- Born: March 1982
- Died: 13 September 2026 (aged 44)
- Occupations: Activist Filmmaker

= Marc de La Ménardière =

French environmental activist and filmmaker (1982–2026)

Marc de La Ménardière (/fr/; March 1982 – 13 September 2026) was a French environmental activist and filmmaker.

==Life and career==
Born in March 1982, de La Ménardière graduated from business school and worked in New York City as a business developer for Danone. In the late 2000s, he suffered an accident and was homebound for a period of time, during which he watched numerous documentaries discussing the state of the environment and made him question his career path.
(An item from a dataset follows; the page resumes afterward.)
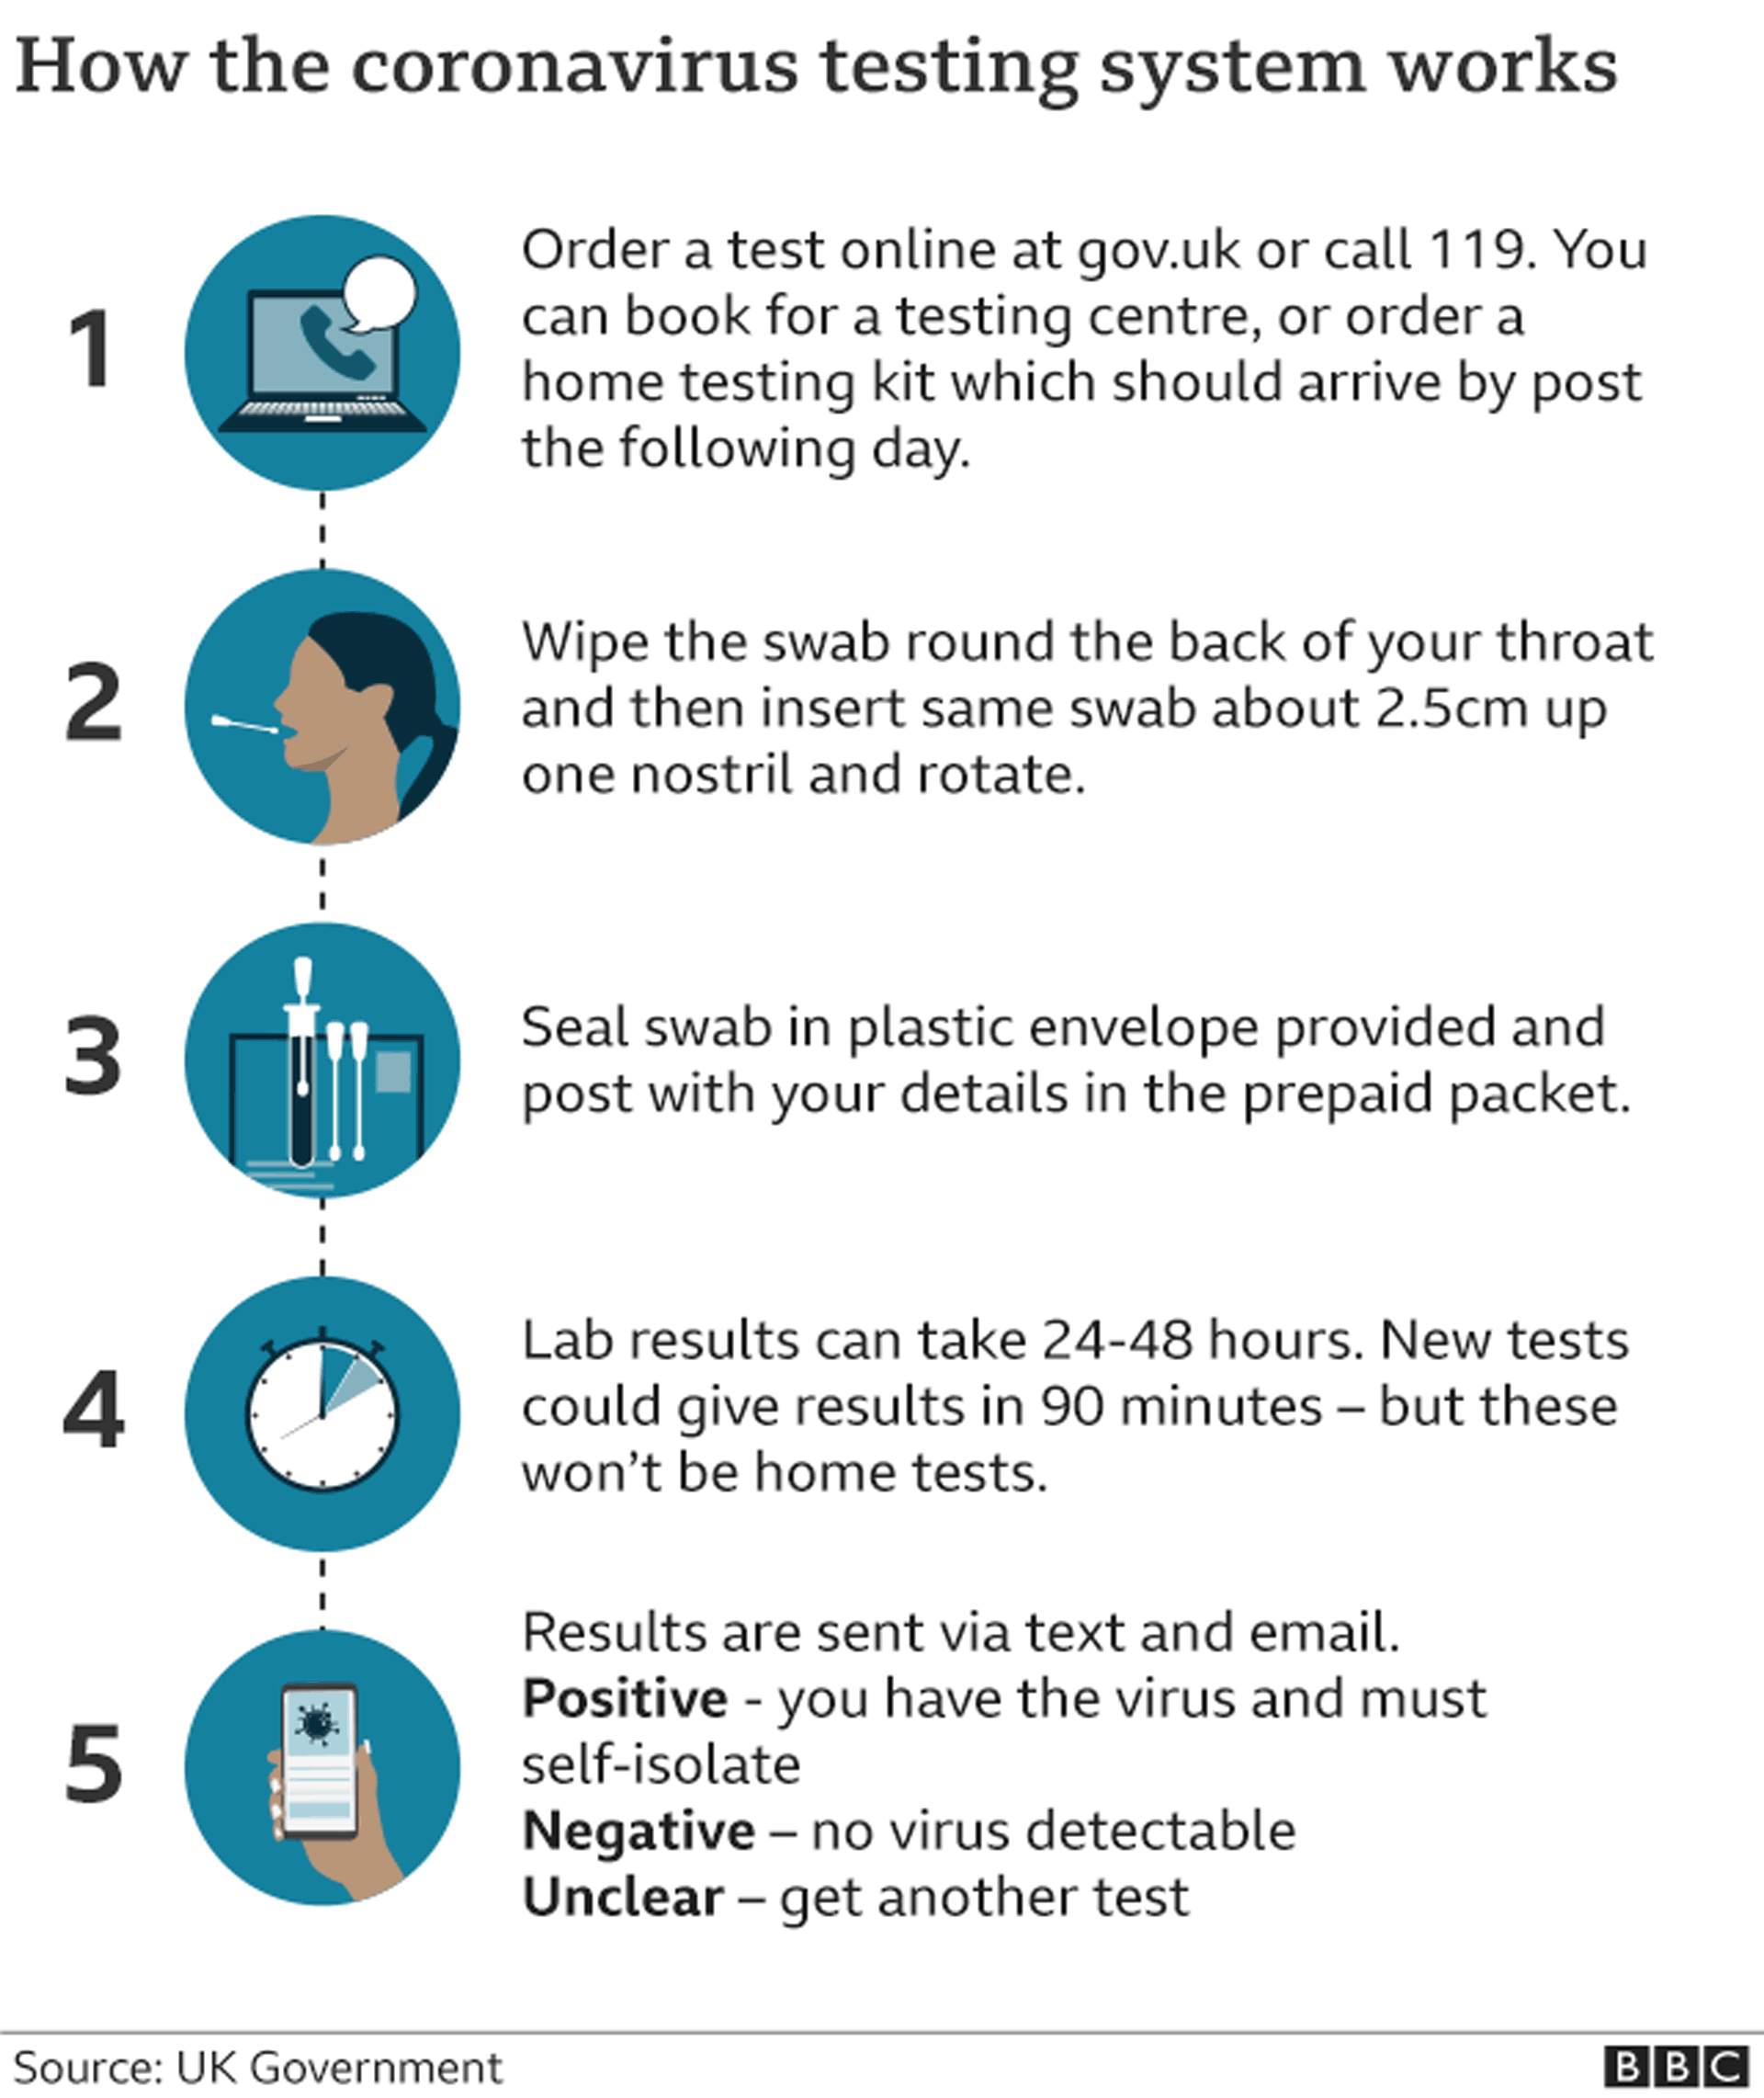 how the coronavirus testing system works: order a test either to your home or go to a testing centre, take a swab of the back of your throat and up your nose, if it's a home test seal it up and send it back, postage paid. lab results can take between 24 and 48 hours. results are sent via text and email

He gradually shifted away from his business career and began to focus on filmmaking and public speaking. He travelled with his friend, Nathaniël Coste, to explore different worldviews and ecological and social crises. There, he met figures such as Vandana Shiva, Pierre Rabhi, Frédéric Lenoir, and Satish Kumar. In 2015, he released a documentary film titled A Quest for Meaning. The film was funded by 963 international backers and distributed by the independent Association Kamea Meah. In the wake of the film's release, he raised awareness through a public speaking campaign on topics such as ecology, self-awareness, interdependence, organizational transformation, and changing lifestyles. In 2017, he co-founded an eco-community called La Kambrousse alongside his partner Malory Malmasson.

De La Ménardière died from cancer on 13 September 2026, at the age of 44.